Phone: (+91) 9872901791

Postal Address: 2206, Krishna Nagar, Civil Lines, Ludhiana, Punjab, India

Timezone: Indian Standard Time (UTC +5:30)

Abstract

Programming Language Classification Task:

The current methods of programming language classification (like linguists, pygments) rely heavily on custom handcrafted rules for many of it's classification tasks. Although handcrafted rules do a good job making file-level language predictions, its performance declines considerably when files use unexpected naming conventions and, crucially, when a file extension is not provided. Handcrafting rules brings along some major problems with it :
- Less accuracy.
- Easily fails on edge cases.
- Requires fair amount of time in manually thinking and implementing rules.
- Adding a new language in database for classification not so easy.
File names and extensions, while providing a good indication of what the coding language is likely to be, do not offer the full picture. Machine learning algorithms are widely used for automating the process of handcrafting rules and may surpass the performance and accuracy for a given task. A machine learning model would rather learn the vocabulary of various languages (like humans do) to classify the programming language. Machine Learning algorithms are widely used in Language Processing tasks and have surpassed the performance of conventional approaches in good amount of cases . This approach can work from file level or snippet level to potentially line-level language detection and classification.

Why is this needed ?

Accurate classification of programming language is an important task as :
- It would be easier to extract information about which other libraries and frameworks are imported, as our search has been narrowed down to a specific programming language.
- Easier security vulnerability alerting
- Accurate picture about the % ages of programming languages used for a project.
- More relevant information extraction from text file in context of programming language.
- More accurately determining the purpose of a file.
- And possibly, many others.
Even GitHub has agreed to the fact that their current solution of programming language detection 'Linguist' isn't that accurate and fails miserably when files use unexpected naming conventions and, crucially, when a file extension is not provided.
File Purpose Classification Task:

A certain project consists of many files that can be categorized into following categories:
- Test files
- Documentation files
- Configuration files
- Build scripts
- Example Scripts
- Core Code
- Others (to be discussed)
Why is this needed ?

This is important because, for example, the license of core code may be more important than the license of test code, example code, etc. Classifying the files into these help us to prioritize and emphasize on the licenses of certain categories. This is similar to the concept of "facets" from the Clearly Defined project.

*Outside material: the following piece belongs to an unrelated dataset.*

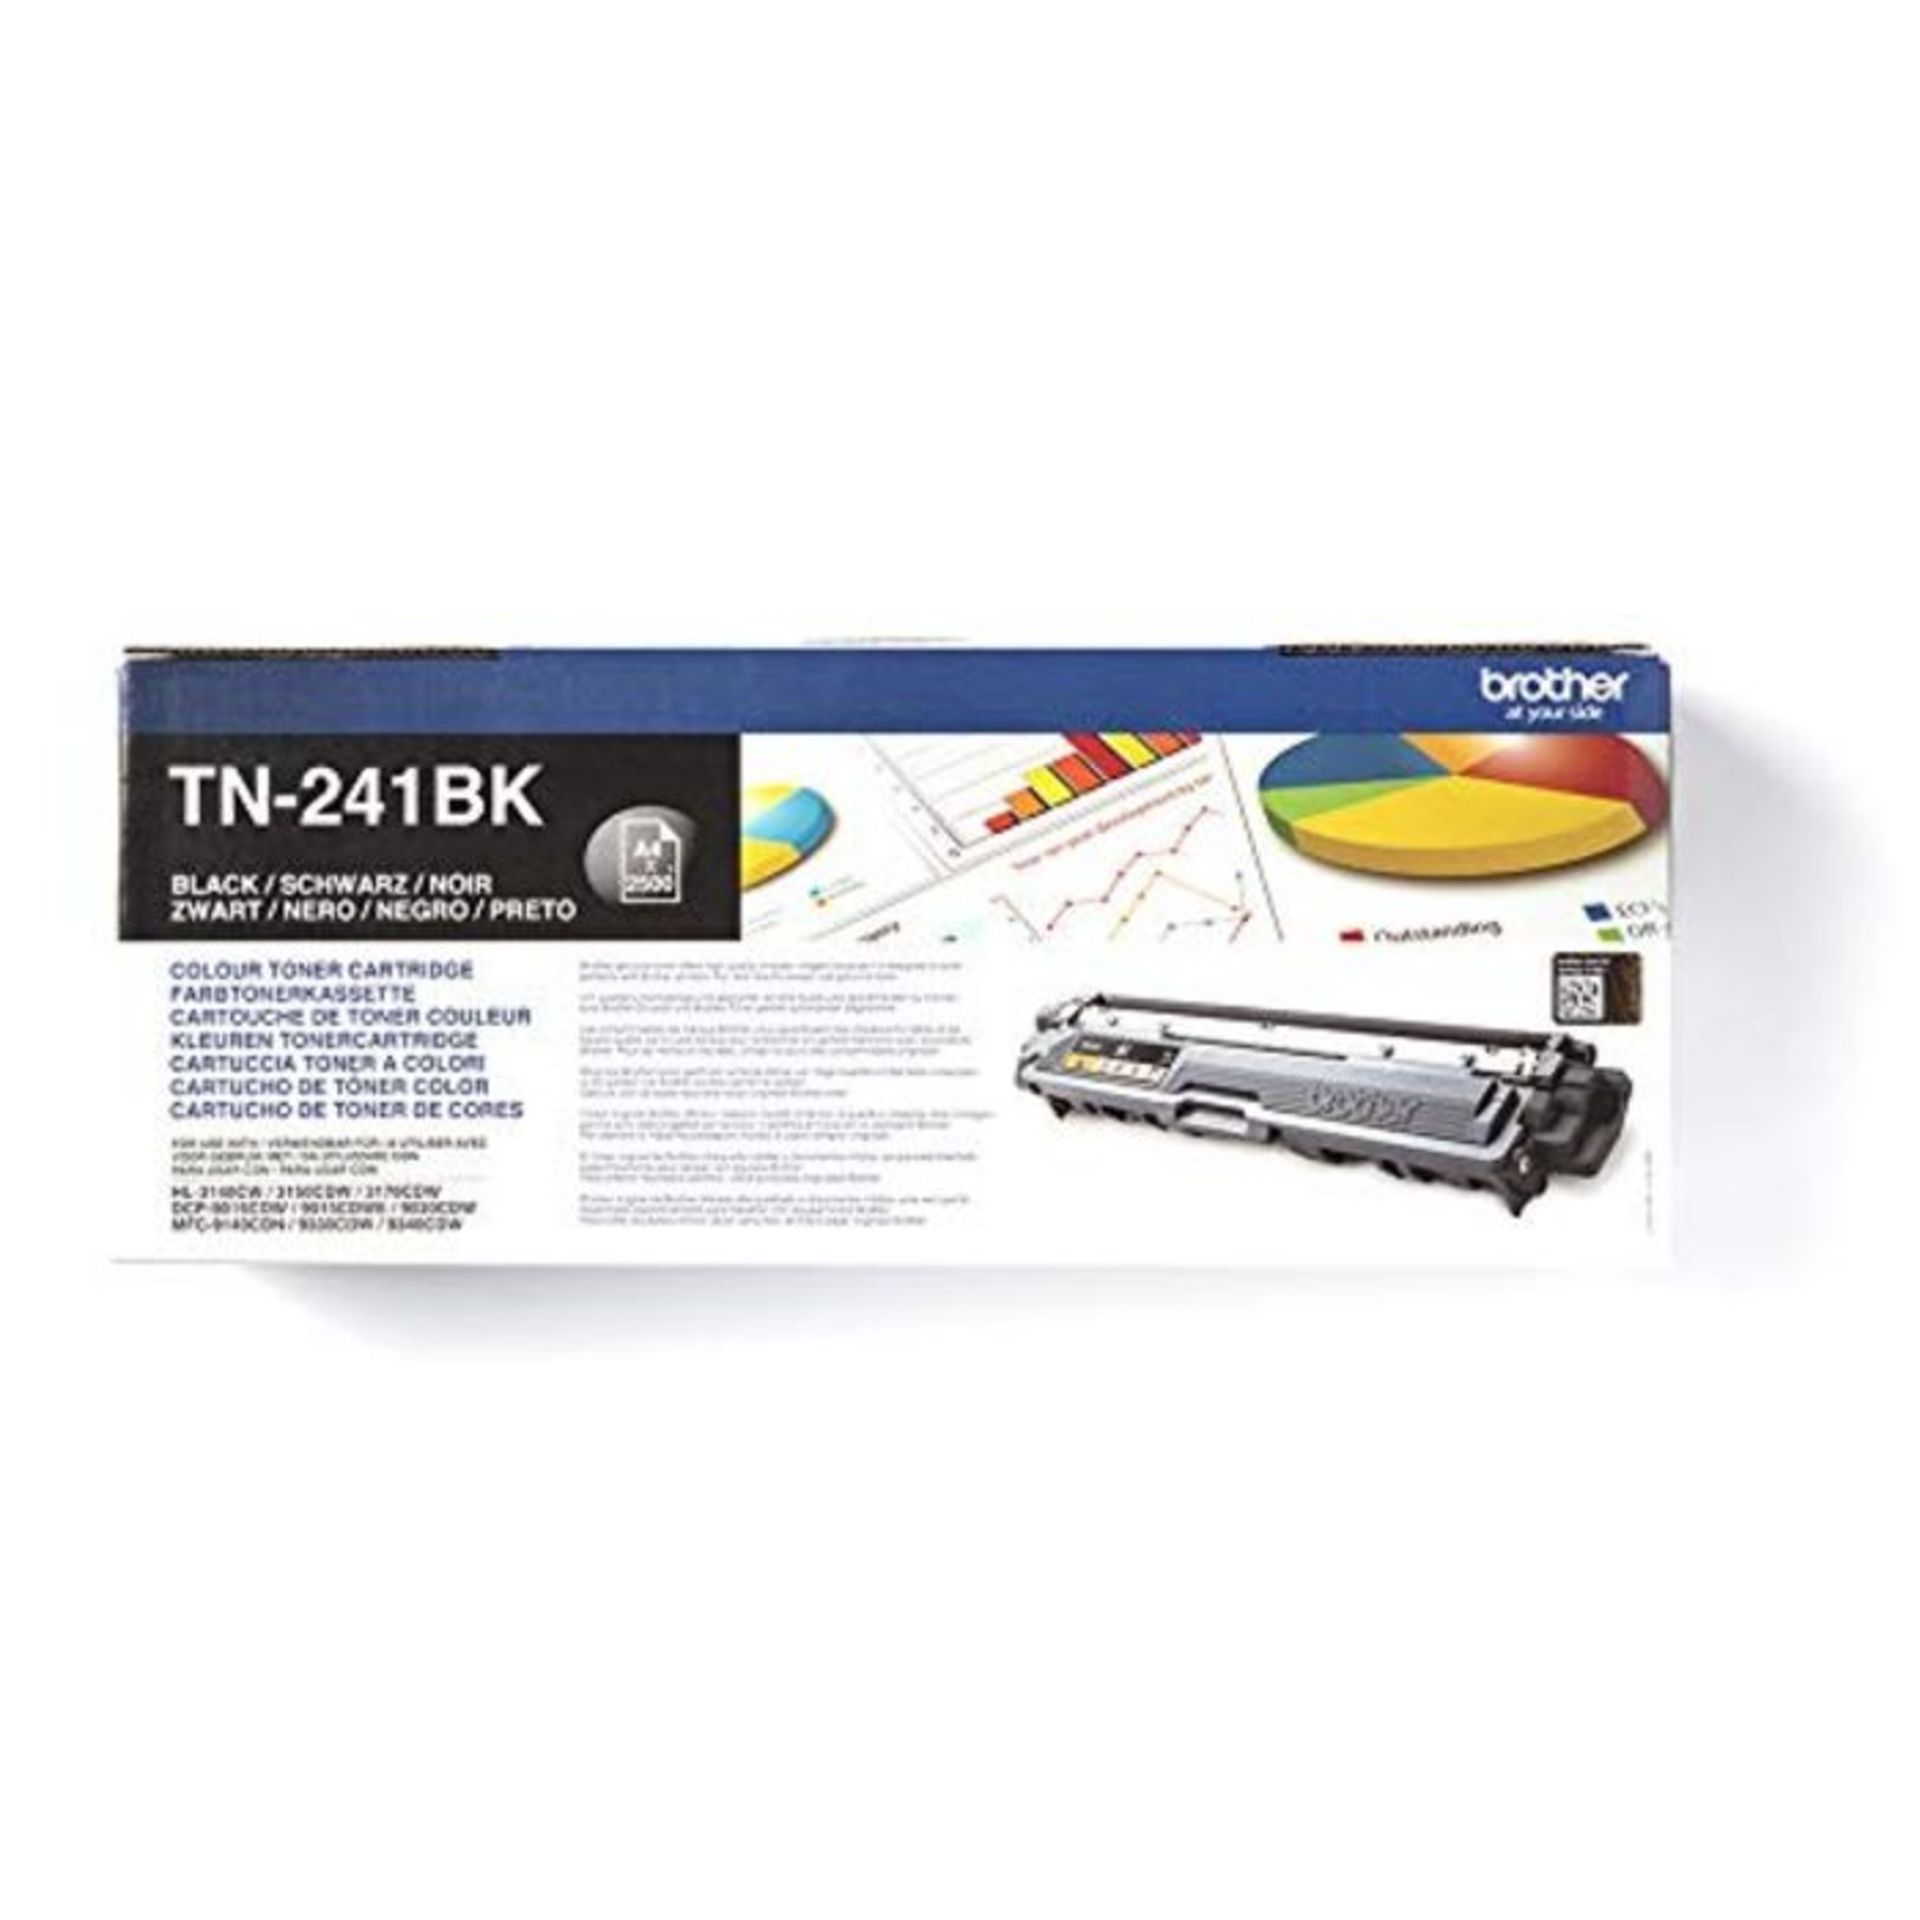 RRP £52.00 Brother TN-241BK Toner Cartridge, Black, Single Pack, Standard Yield, Includes 1 x Ton

Different techniques to accomplish this task (including machine learning) would be discussed below.

Technical Details

Programming Language Classification Task:

Note: All thing things written below have been verified and performed in the following notebook: The Dataset used in the notebook is not the one specified here.

Machine learning is replacing conventional methods of solving a specific problem but one cannot 'just replace' the conventional methods with some fancy machine learning algorithms the reason being:

Machine learning may be computationally expensive.
Inference time of machine learning algorithms may be larger than conventional algorithms.
The size of a machine learning model may be huge, ultimately increasing the size of the project.

Now, using machine learning instead of existing conventional approaches is viable only if:

There are large gains upon accuracy over conventional approaches.
The developed machine learning solution is not very computationally expensive and runs fast.
The solution is easy to integrate into the existing workflow.
The solution is easy to distribute, maintain and is flexible.

From my research, i have found that using machine learning for this use case is a viable option.

GitHub is moving from it's existing solution 'Linguist' to a machine learning based solution named as 'OctoLingua' - source The following results were obtained using OctoLingua. We can see that OctoLingua maintains a good performance under various conditions, suggesting that the model learns primarily from the vocabulary of the code, rather than from meta information (i.e. file extension), whereas Linguist fails as soon as the information on file extensions is altered.

The above results seem very impressive. But OctoLigua uses tensorflow/keras and these libraries are too heavy, large in size and difficult to install. We need a similar lightweight classifier (Random Forest, SVM, Naive Bayes, etc) that is both accurate and lightweight.

Data-set:

For programming language classification task, the Rosetta Code website is a great place to obtain the data-set. This contains huge amounts of code written in various programming languages (way more than what we need). The quality of data is high. Initially, I wrote a scraping script to scrape all the code snippets from the site, it was an easy task, but a bit time-consuming. So, I talked to the admins of the site and they let me have a full copy of all the code data on their site. The data is well structured. This data should be enough for our task. But still if there is an imbalance in the data for some languages, we can easily fetch more data from GitHub.

Pre-processing of data:

First of all, all the text would be chunked into pieces to obtain uniform length code snippets and for the reason that our model would run faster if we train it to make inferences on smaller pieces of text.

snippets = []
content = 'code goes here'
chunk_size = 2048 
for chunk in range(0, len(content), chunk_size):
	snippet = content[chunk : chunk + chunk_size]
	snippets.append(snippet)

The next step is to convert the text into lower case and remove all the special characters.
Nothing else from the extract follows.